Quella del dentista è una professione che nell’immaginario collettivo è spesso collegata ad un grande benessere economico e ad una vita molto attiva, piena di tempo libero da dedicare a hobby e viaggi. Quest’immagine, molto stereotipata, corrisponde solo parzialmente alla realtà: è vero che un odontoiatra titolare di uno studio arriva a guadagnare molto bene per un orario di lavoro tutto sommato abbastanza ridotto, per arrivare a quei livelli è necessario spendere molto, sia in termini di tempo, tra formazione e gavetta, che in termini economici, perché per aprire uno studio occorre un investimento molto consistente, nell’ordine delle centinaia di migliaia di euro. 

Chi è il dentista  

Il dentista, o meglio medico odontoiatra, è quel medico che si occupa della salute dei denti e della bocca: svolge attività di prevenzione, diagnosi e cura delle malattie che colpiscono l’apparato dentario (denti, gengive, bocca, mascella e relativi tessuti). 

Il dentista può praticare odontoiatria generale, oppure scegliere di specializzarsi in una specifica area della professione come l’odontoiatria pediatrica, l’ortodonzia, l’odontoiatria estetica o la protesistica dentale.

I compiti principali di un dentista ruotano attorno alla prevenzione e alla cura dei denti. Egli esamina il cavo orale dei pazienti per verificarne lo stato di salute ed individuare eventuali criticità, per poi preparare un piano di interventi da portare a termine e predisporre le cure necessarie a seconda di ciò che rileva nella sua diagnosi. 

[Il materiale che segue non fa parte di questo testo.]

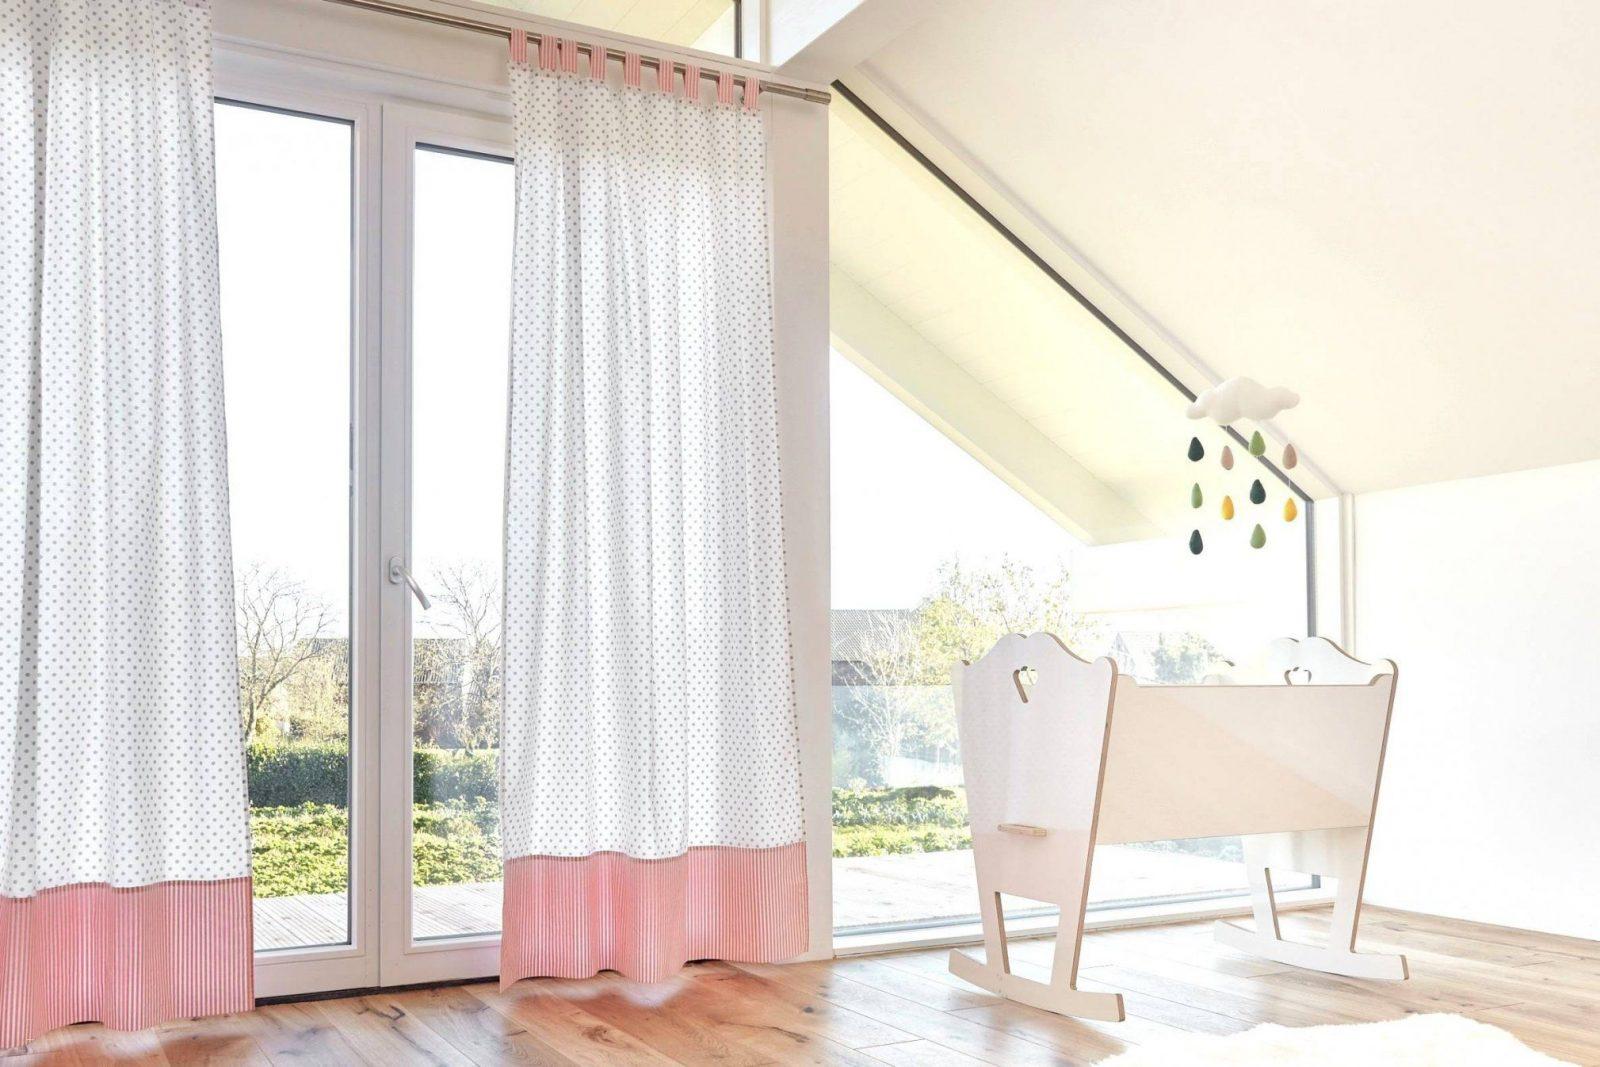 Wohnideen  Designer Gardinen Auch Schön Gardinen Schlafzimmer von Gardinen Schlafzimmer Wohnideen Bild

In questa fase può anche fare uso di radiografie a raggi X per evidenziare disturbi, malattie, malformazioni di denti e mascelle. L’odontoiatra si occupa poi quindi di svolgere le operazioni concordate, aiutato dall’assistente alla poltrona. Normalmente durante le cure è pratica consueta somministrare ai pazienti degli anestetici locali per minimizzare il dolore percepito. 

Tra le operazioni più comuni che svolge il dentista possiamo trovare la pulizia del tartaro, le otturazioni e la cura di carie dentali, la ricostruzione di denti scheggiati o rotti, l’estrazione e la devitalizzazione, il trattamento dei canali radicolari, l’installazione di protesi dentarie. Se necessario alle cure, ha la facoltà di prescrivere farmaci e antibiotici. L’odontoiatra è inoltre in grado di realizzare calchi delle arcate dentarie e prendere le misure necessarie per costruire modelli, protesi, apparecchi e impianti dentali a fini medico-sanitari o estetici. 

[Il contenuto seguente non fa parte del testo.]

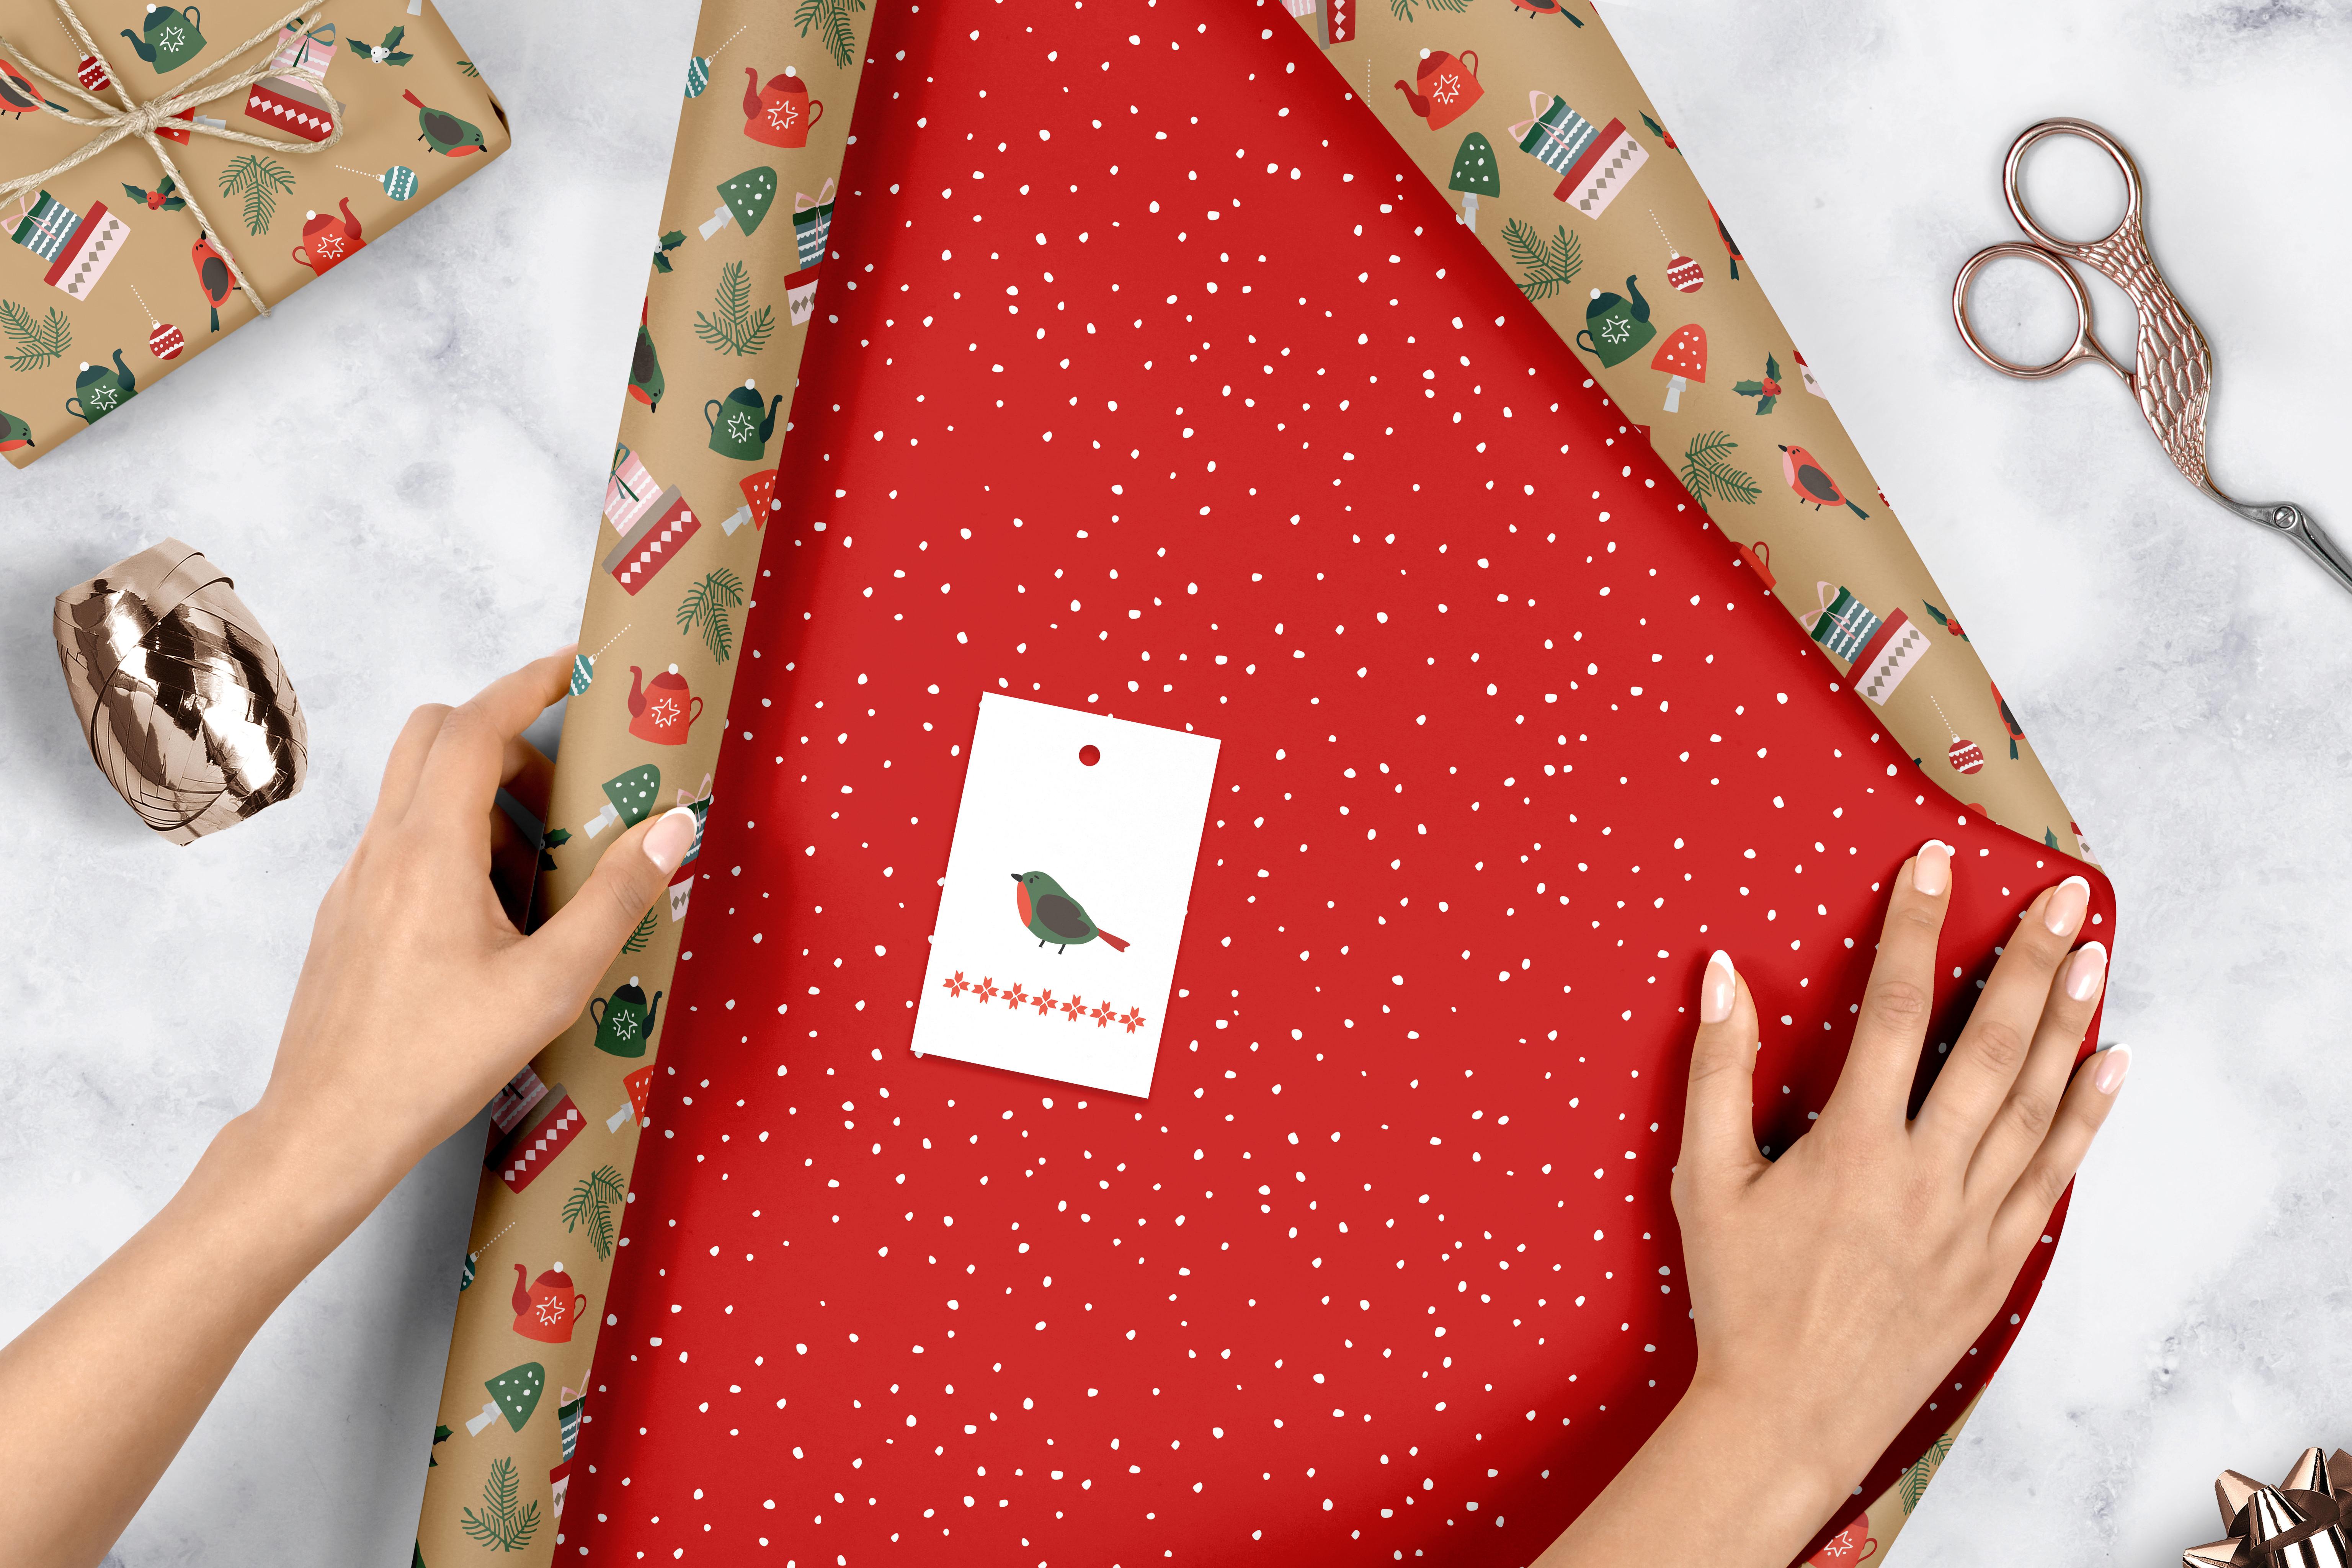 Geschenkpapier Weihnachten.Geschenkpapier Set Weihnachten Modernes Ornamente Muster Von 4x Dop

Nel caso in cui riscontri infezioni o malattie che si estendono oltre l’apparato dentario, può richiedere l’intervento di altri professionisti sanitari per la cura del paziente. 

Un altro compito che fa parte delle responsabilità del dentista è quello di offrire un’adeguata formazione sui temi della salute del cavo orale. Durante le visite l’odontoiatra mette a conoscenza il paziente delle buone pratiche di igiene orale, educandolo sull’utilizzo di spazzolino da denti, dentifricio e filo interdentale, sull’opportunità di una seduta dall’igienista dentale, sulla manutenzione di apparecchi e impianti dentali. 

Tra le mansioni del medico odontoiatra troviamo anche l’adempimento di varie attività burocratiche e amministrative legate alla compilazione, aggiornamento e conservazione delle cartelle cliniche e alla gestione dei dati sanitari dei pazienti. In questi compiti può ricevere l’aiuto dalla segretaria di studio dentistico, quando presente. 

L’odontoiatra esercita la libera professione in studi odontoiatrici, oppure lavora in ospedali, cliniche private, ambulatori e altre strutture sanitarie private o pubbliche. 

Lo studio odontoiatrico è un ambiente pulito e igienico, il cui elemento centrale è sala operativa con la poltrona odontoiatrica dove si posiziona il paziente. Sono poi presenti tutti gli strumenti necessari per i diversi trattamenti dentali (come la faretra con turbina, manipoli e siringhe aria/acqua, trapani, frese, spatole, lampade polimerizzatrici), i vari materiali per le impronte, amalgame, cementi, sigillanti, sbiancanti, disinfettanti e anestetici. 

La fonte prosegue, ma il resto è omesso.